Our hunch was that businessmen in India would stay away from acquisitions now. With finances drying up and equity valuations dropping, it is tough for companies to raise money for acquisitions.However, low valuations cut both ways and for people with ready cash this is a good opportunity. Today, acquisition opportunities do exist, both in India and the world, across sectors and product and service lines, and at more reasonable prices. Says Sudip Bandyopadhyay, Chief Executive Officer, Reliance Money: “This is a great time for acquisitions.

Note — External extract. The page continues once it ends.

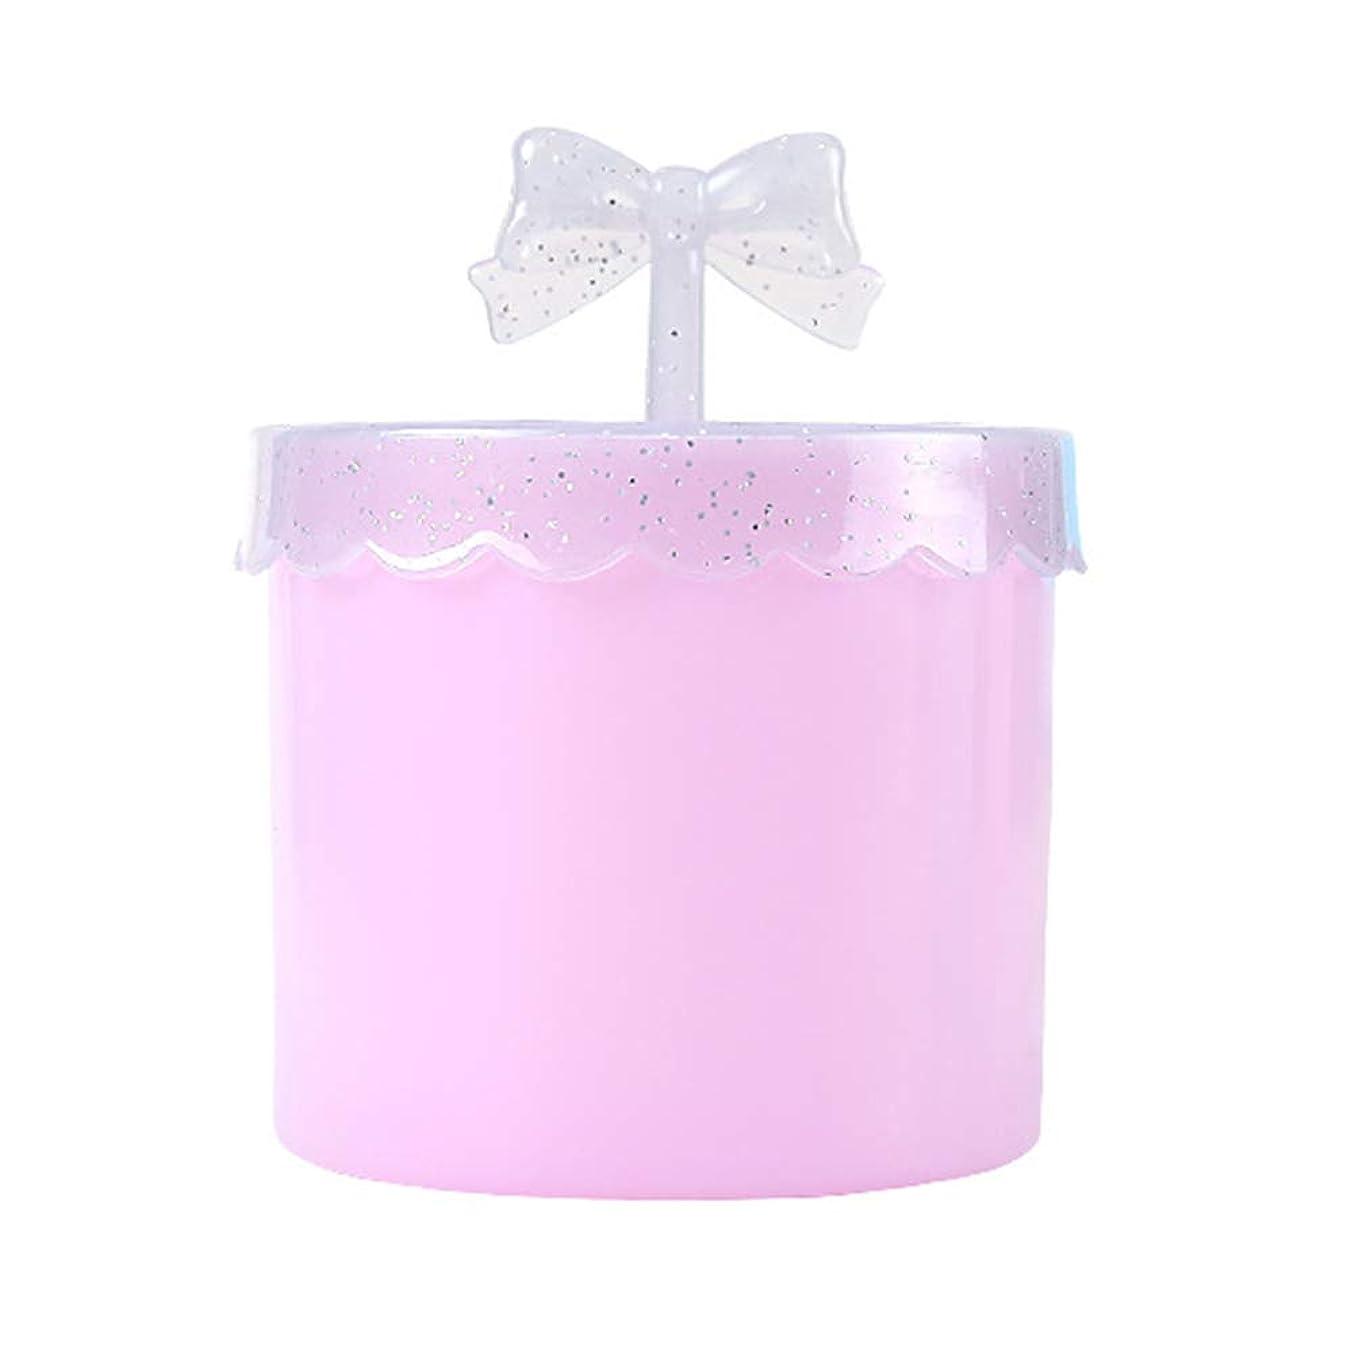 高度な時々渇きsky-open 洗顔泡立て器 マイクロバブルフォーマー フェイスクレンジングフォーマー マイクロバブルフォーマー 洗顔フォーム 洗顔用 泡立て器 女性美容フェイシャル発泡カップ(ピンク)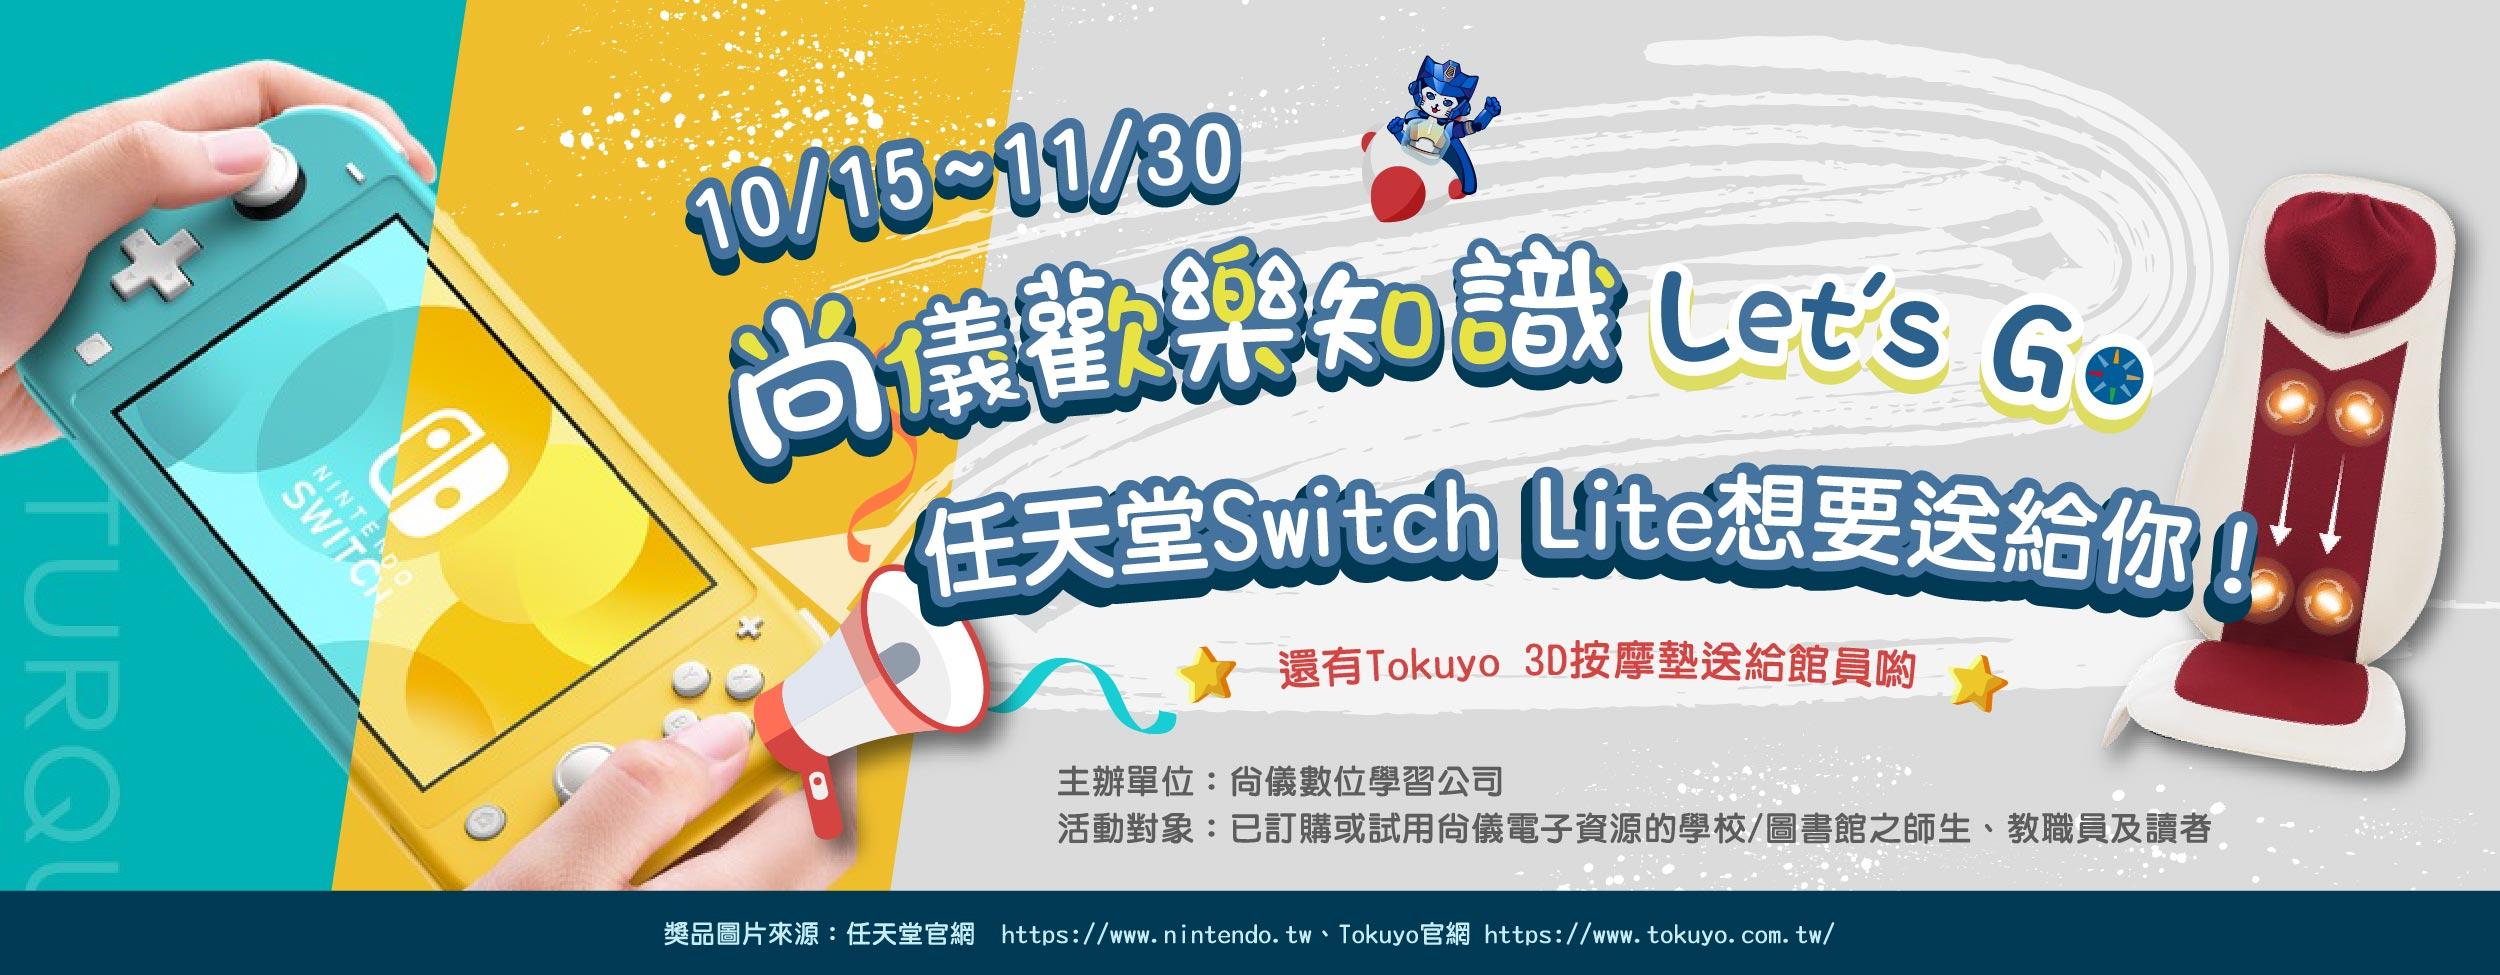 任天堂Switch Lite掌上型遊戲機等你拿~「尚儀歡樂知識Let's Go」

If you have the money you can acquire assets now at great valuations.” There has been a significant drop in mergers and acquisition (M&A) activity in India in 2008 compared to a year ago. Yet, it is still higher than the total volume of 2006. However, one must remember that the acquisition of Jaguar-Land Rover by Tata Motors accounted for a lot of the value. Grant Thornton released its annual report on deals related to India on December 18.C.G. Srividya, Grant Thornton’s Partner and Specialist Advisory Services, says: “Corporate India has done a significant number of M&A transactions in 2008 with a value of over $30 billion. It is creditable to note that this has been achieved irrespective of the global economic slowdown and dwindling stock prices. It is also noteworthy that the deal traction on M&A has been good and stable in all quarters, irrespective of the volatility in economy and markets.”
However, as we saw with Satyam’s attempted acquisition of the two real estate and construction companies owned by the same promoter family, there is little tolerance for acquisitions backed by frivolous logic. In this case the company had its own cash and did not need to borrow either. At the same time, there was an almost coordinated backlash from analysts and market players to punish the stock.
Leveraged buyouts are also out, surely. Neither companies nor banks have any appetite for these any more and the ones that have been done earlier are having a tough time grappling with high debt rates.